Claude Code — add to .claude/settings.json:

{
  "mcpServers": {
    "logbook": {
      "command": "logbook-mcp"
    }
  }
}

OpenCode — add to opencode.json:

{
  "mcp": {
    "logbook": {
      "type": "local",
      "command": ["logbook-mcp"],
      "enabled": true
    }
  }
}

security

hook conditions are trusted code

hook config.yml files support an optional condition field (e.g. "new_status == 'pending_review'"). these conditions are compiled and evaluated as live JavaScript at runtime — equivalent in trust level to a shell script.

what this means for you:

only add hooks from sources you trust. a malicious config.yml condition can execute arbitrary code in the process that runs the MCP server.
do not expose LOGBOOK_HOOKS_DIR to external write access. if an untrusted process can write files under the hooks directory, it can inject conditions that execute as the MCP server's user.
the built-in hooks shipped with logbook are safe — they use simple equality checks (new_status == 'need_info').
if a condition throws or is malformed, the hook is skipped silently and execution continues — it fails safe.

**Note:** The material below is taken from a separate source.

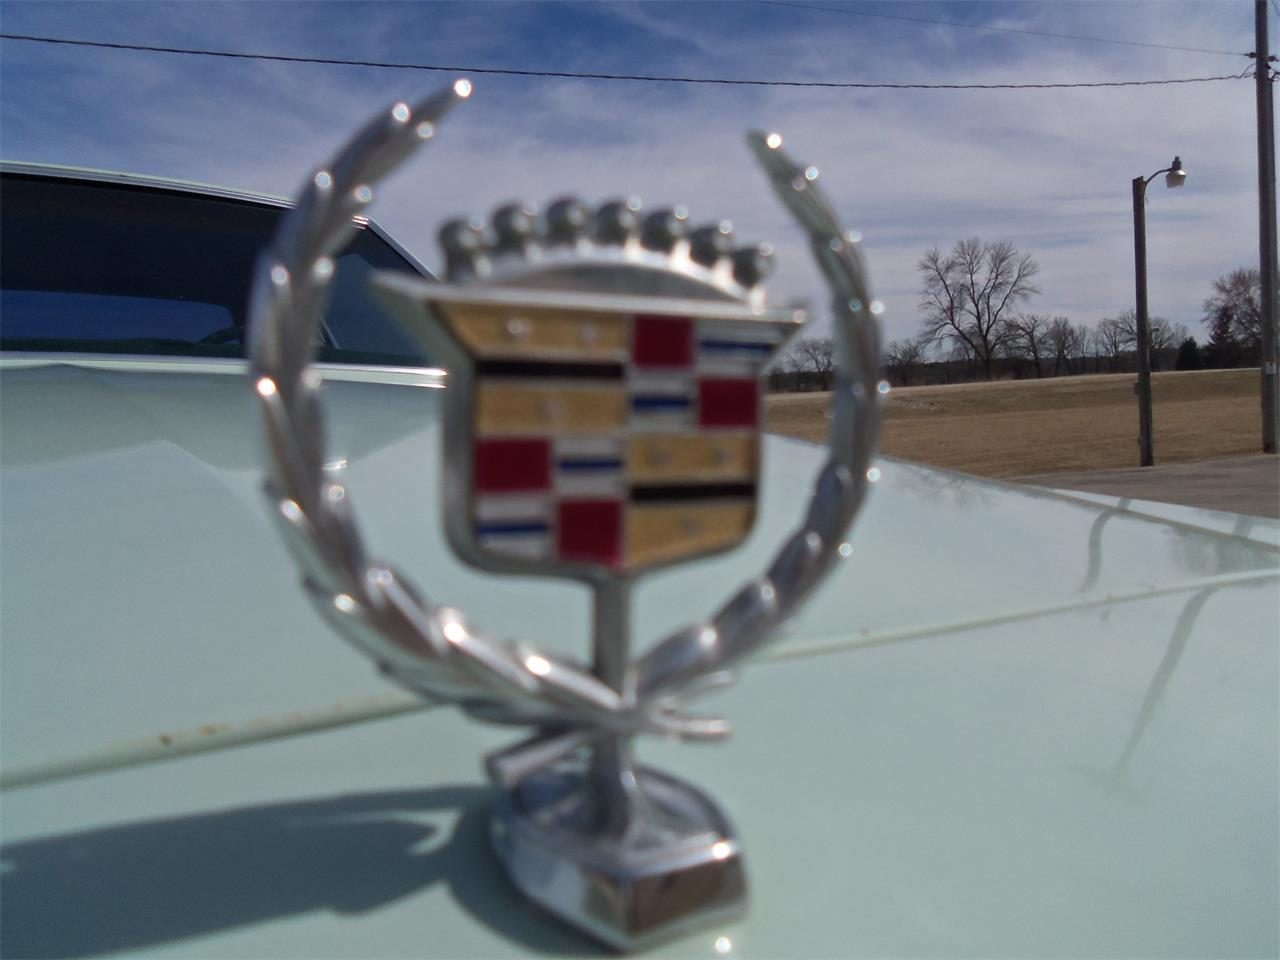 1978 Cadillac Coupe DeVille for Sale | ClassicCars.com ...
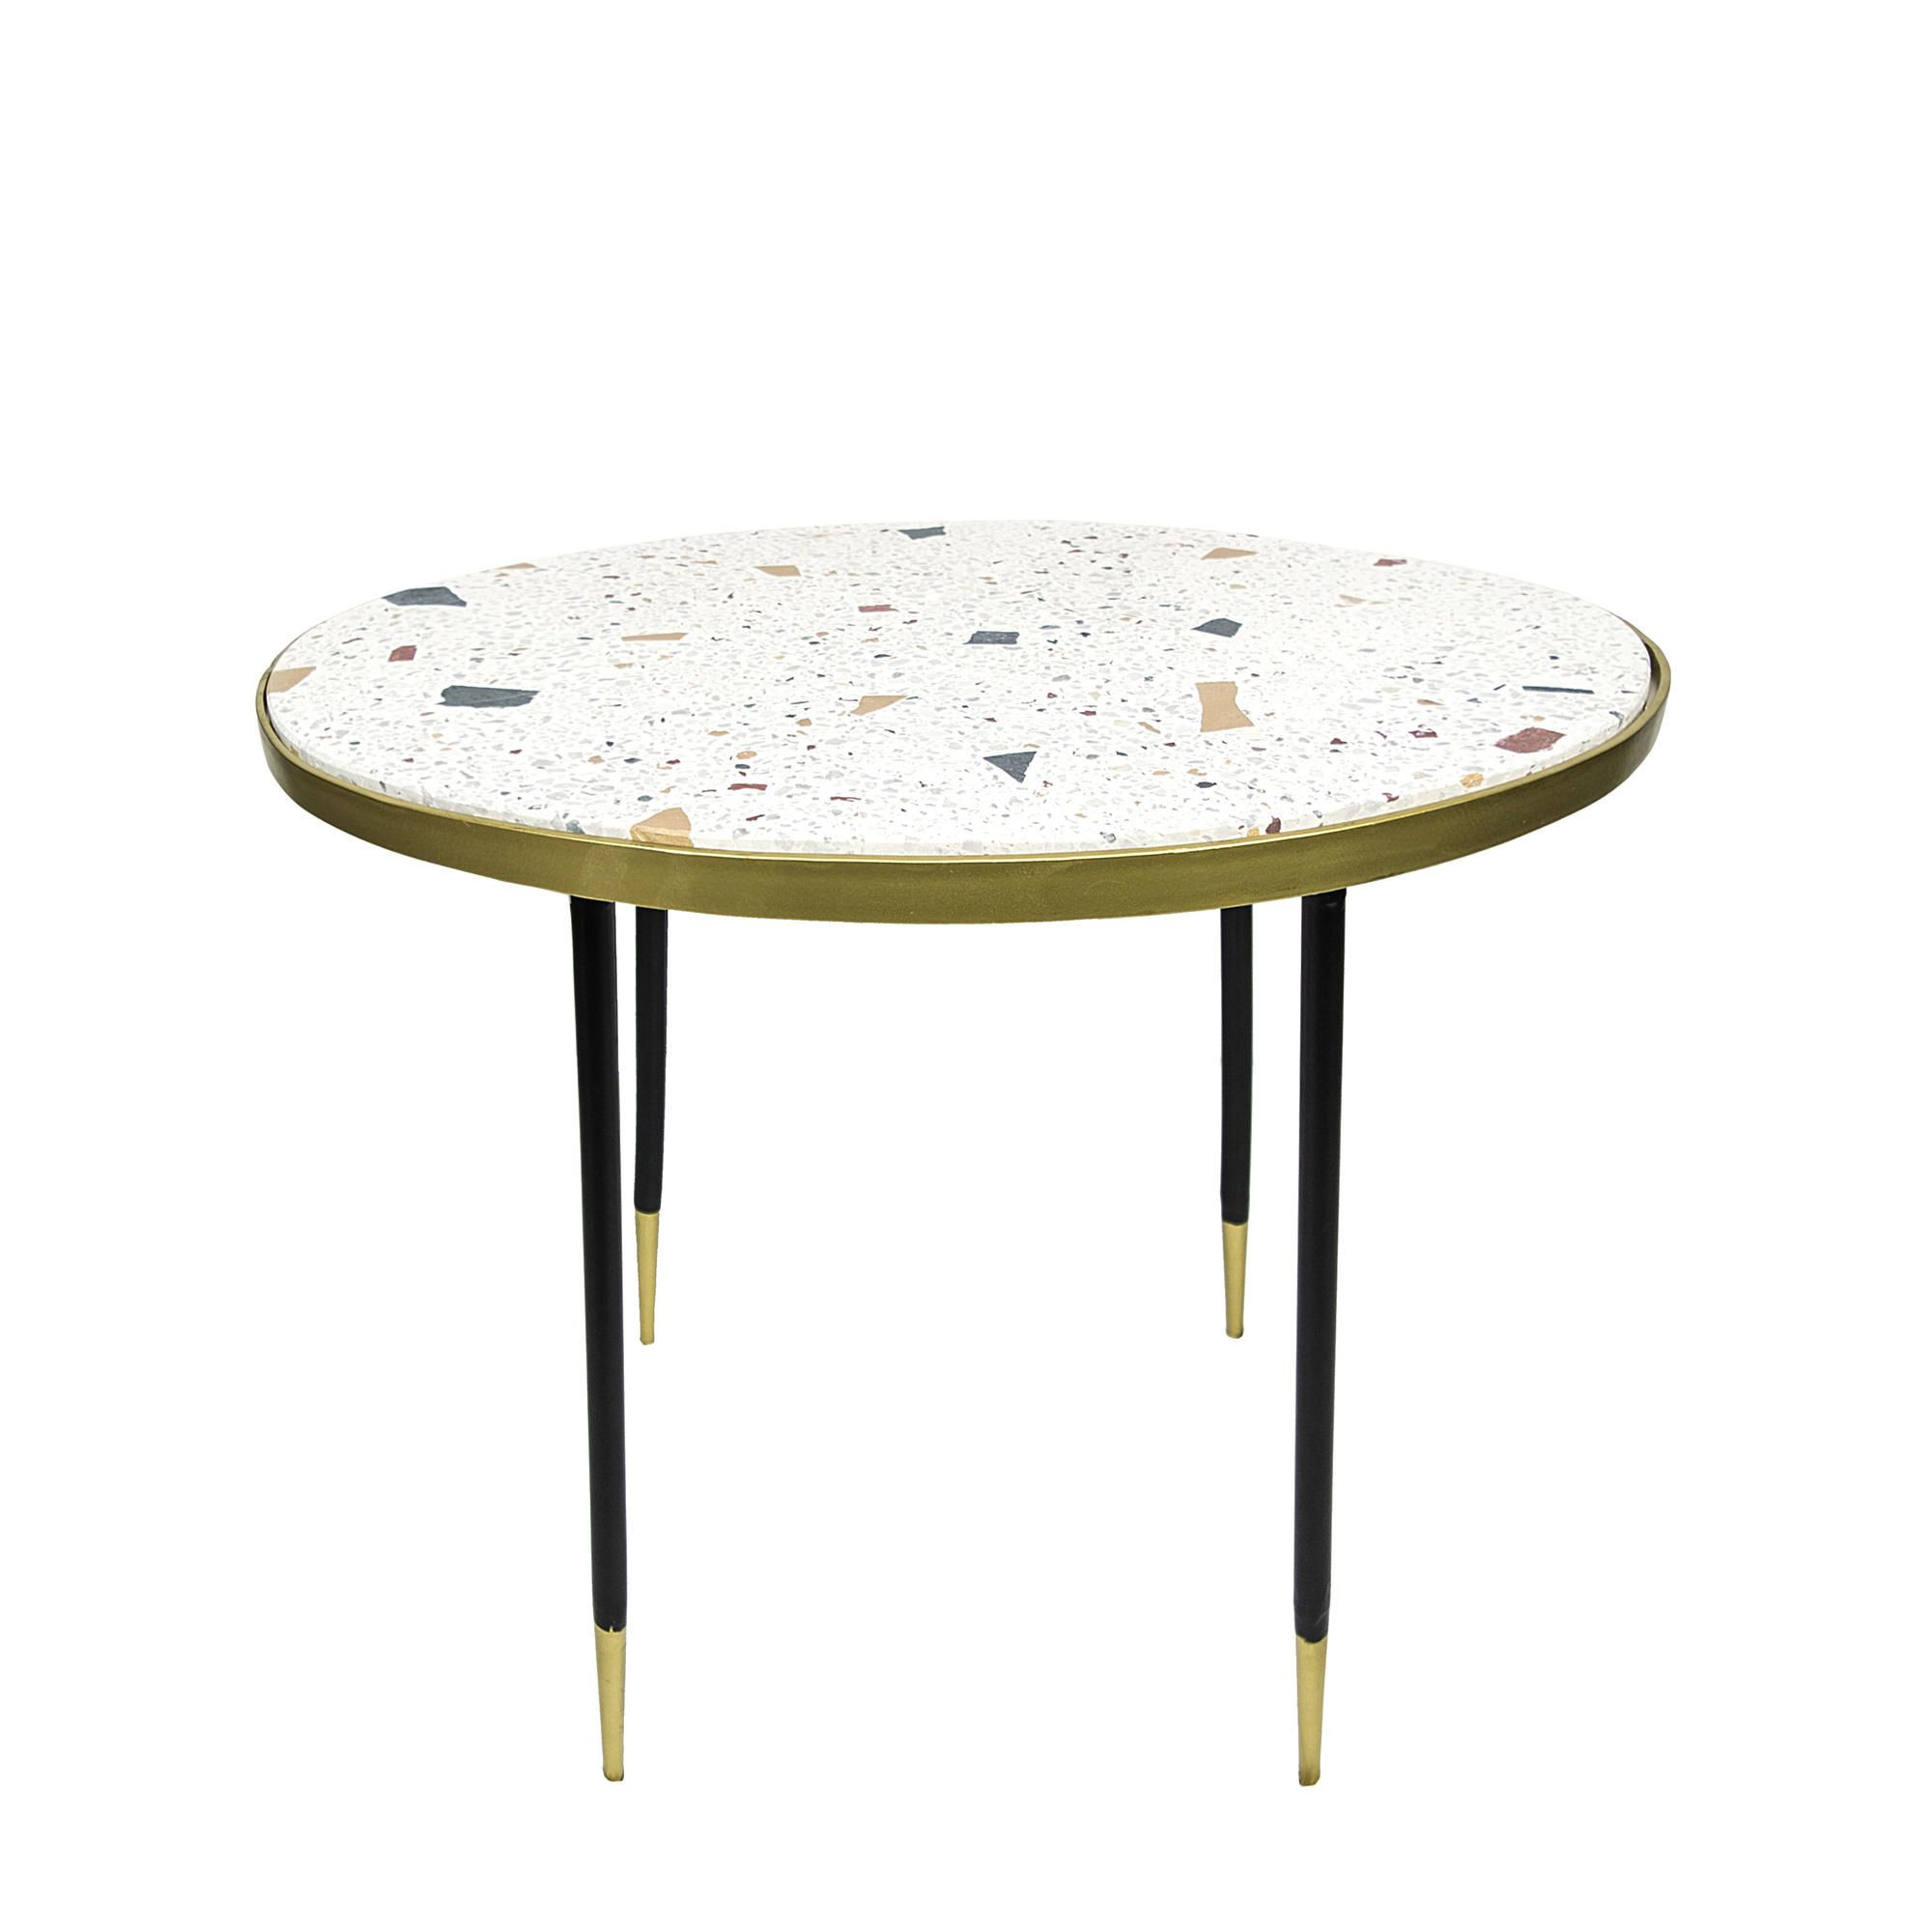 Genuine Side Table H 49 cm | Beige

the security model here is the same as running a Makefile or a .husky/ script: filesystem-level trust. as long as you control what goes into your hooks directory, you are safe.

stability

logbook follows semantic versioning. here is what is stable at v1.0.0:

mcp api: tool names and required parameters will not change within a major version. optional parameters may be added.
jsonl format: the serialized Task type in tasks.jsonl is stable. new optional fields may be added; existing fields will not be removed or renamed within a major version.
hook config schema: the event, condition, and timeout_ms keys in config.yml are stable. new optional keys may be added.
breaking changes: any breaking change will be preceded by a deprecation notice in the prior minor release and documented in CHANGELOG.md.